Как из скупых гомеровских упоминаний греческая трагедия черпала свои сюжеты, оснащая их бытовыми и психологическими подробностями, так же позднейшая морализирующая беллетристика питалась крохами с аристотелевского стола. Приведенные сюжеты так и просятся в риторическую обработку, в них, кажется, сжата пружиной и вот-вот развернется сила Плутарховых политических страстей только развернуть, только снарядить риторическим оружием и риторическими прикрасами, но Аристотель не делает этого, хотя все хитрости риторики известны ему не хуже, чем Плутарху. Почему? На этот счет сам Аристотель приводит поучительную притчу.
"Очень остроумно и передаваемое древними предание об изобретении флейты. Рассказывают, что Афина, изобретя флейту, отбросила ее в сторону. Недурное объяснение придумало было этому, а именно: будто богиня поступила так в гневе на то, что при игре на флейте физиономия принимает безобразный вид. Настоящая же причина, конечно, заключается в том, что обучение, игре на флейте не имеет никакого отношения к развитию интеллектуальных качеств, Афина же в нашем представлении служит олицетворением науки и искусства"37.

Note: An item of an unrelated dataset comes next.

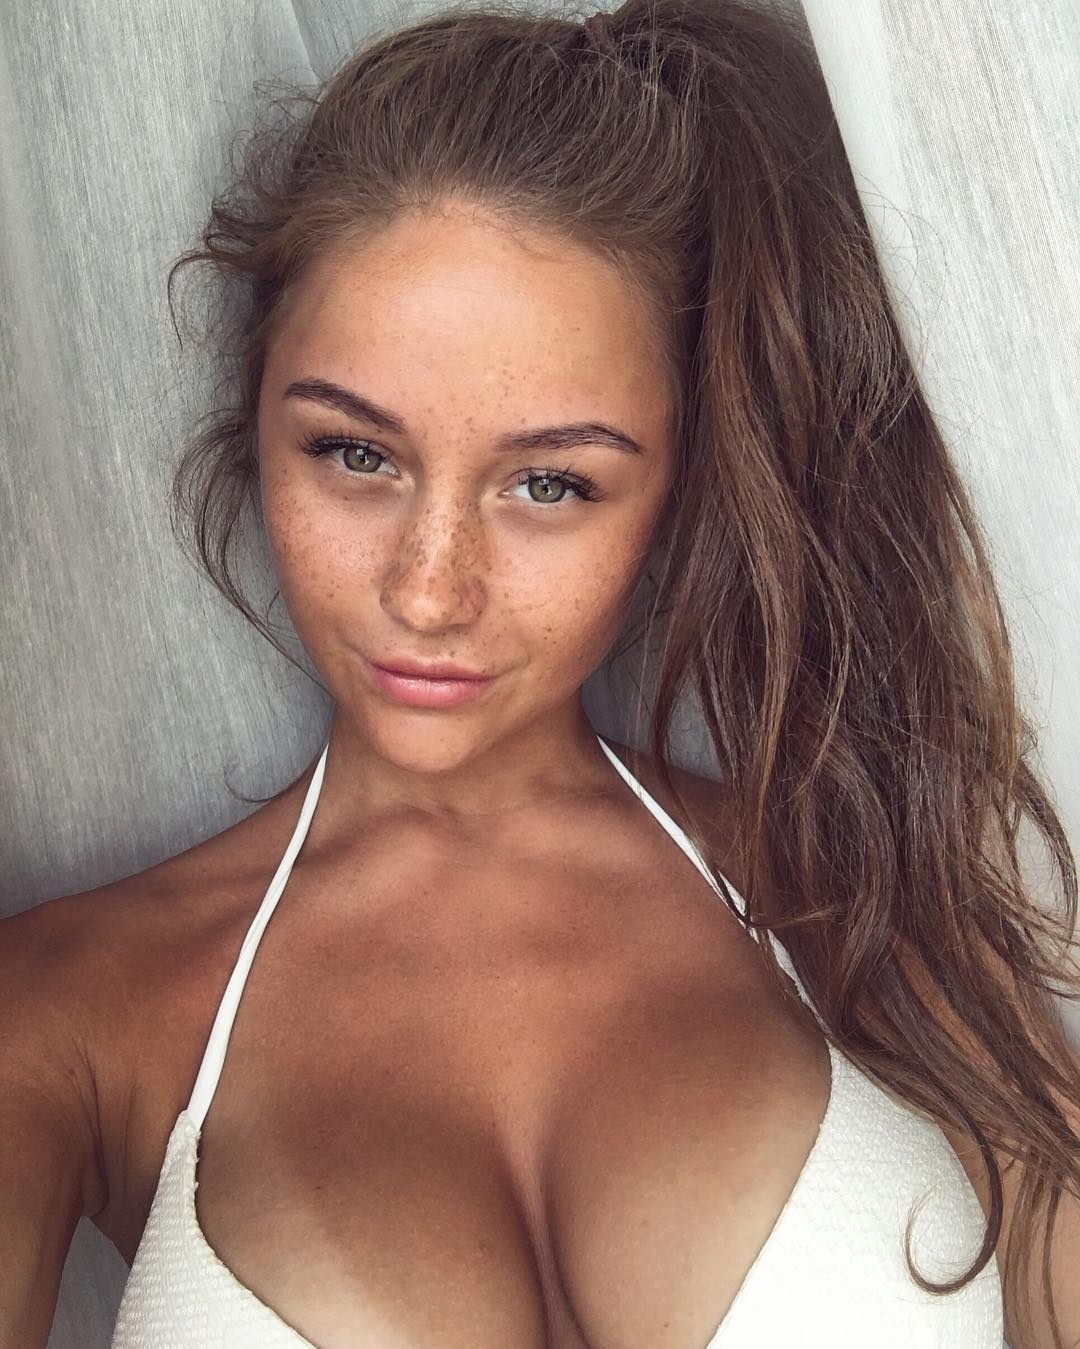 Katysheva naked olga Olga Katysheva

Профессиональные ухищрения литературного красноречия обезображивают лицо философской Музы, божества, которому Аристотель служил вслед за Платоном. Эту музу чистого разума и отвлеченной красоты совершенных математических фигур Платон противопоставлял подслащенной музе Гомера и прочих поэтов, любимцев толпы, как истинную Музу неистинным ее призракам второго и третьего сорта. И все же Платон вынужден был открыть шлюзы для поэтических вод Гомера, допустить смешение чистой красоты с недостаточно чистой, и, как мы видели, побуждали его к тому достаточно серьезные и сугубо философские соображения. Можно сказать, что художником Платона сделал его скептицизм. Предоставив бытие мышлению, а становление вере, Платон вынужден был, оставаясь философом в рассуждении о бытии, сделаться поэтом в уподоблении преходящего вечному, копии образцу. Аристотель тоже не чуждается поэзии, правда, его представления о взаимоотношениях между поэзией и философией не укладываются в ту пропорцию, которую составил Платон.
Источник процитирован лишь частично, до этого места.